- Film poster
- Directed by: Edward C. Lilley
- Screenplay by: Howard Dimsdale Eugene Conrad
- Based on: Merrily We Sing story by Brenda Weisberg
- Produced by: Bernard W. Burton
- Starring: Ann Blyth Peggy Ryan Andy Devine Leon Errol
- Cinematography: Jerome Ash
- Edited by: Fred R. Feitshans Jr.
- Distributed by: Universal Pictures
- Release date: October 27, 1944;
- Running time: 69 minutes
- Country: United States
- Language: English

= Babes on Swing Street =

1944 film

Babes on Swing Street is a 1944 musical comedy film directed by Edward C. Lilley and starring Ann Blyth, Peggy Ryan, and Andy Devine. It was produced by Universal Pictures.

==Plot==
Barber's daughter Trudy Costello gives close shaves at her dad Joe's barber shop. She has other skills as well, so becomes excited when classmate Carol Curtis informs her that talent scouts are coming to town to audition young performers.

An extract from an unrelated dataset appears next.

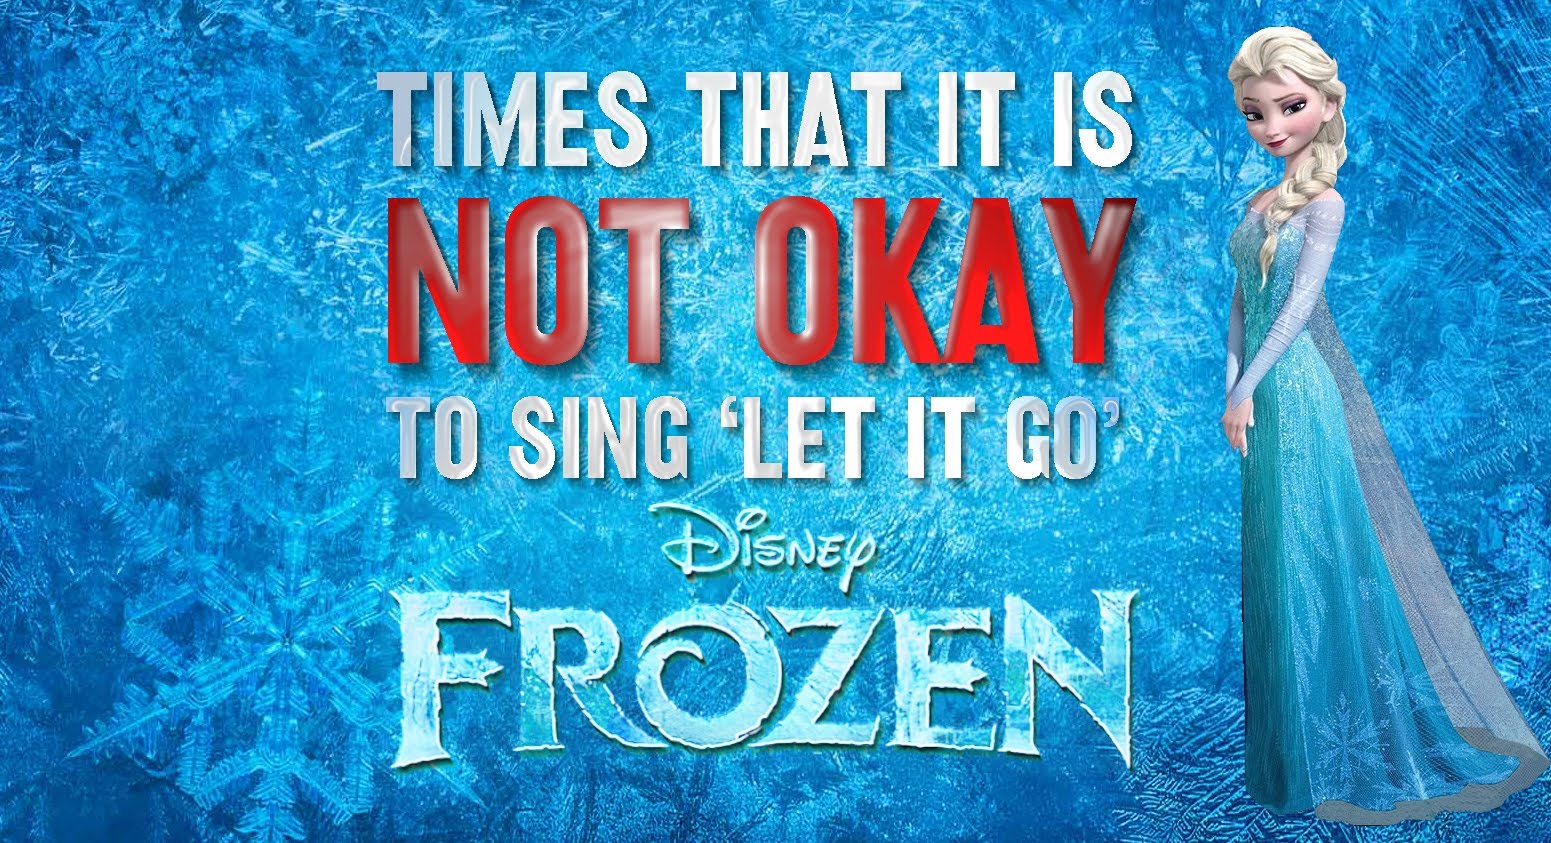 Frozen Parody Frozen Parody Frozen Parody Frozen Parody Frozen Parody Frozen Parody Frozen Parody 4

The kids decide to open a nightclub of their own, needing a place and the money to pay for it. Carol's wealthy aunt Martha wants no part of it, but amiable uncle Malcolm is willing to put up the fee. Malcolm is insure if he can get his hands on his inheritance yet, so he fools Martha into believing that a hall they own is being used for artistic purposes.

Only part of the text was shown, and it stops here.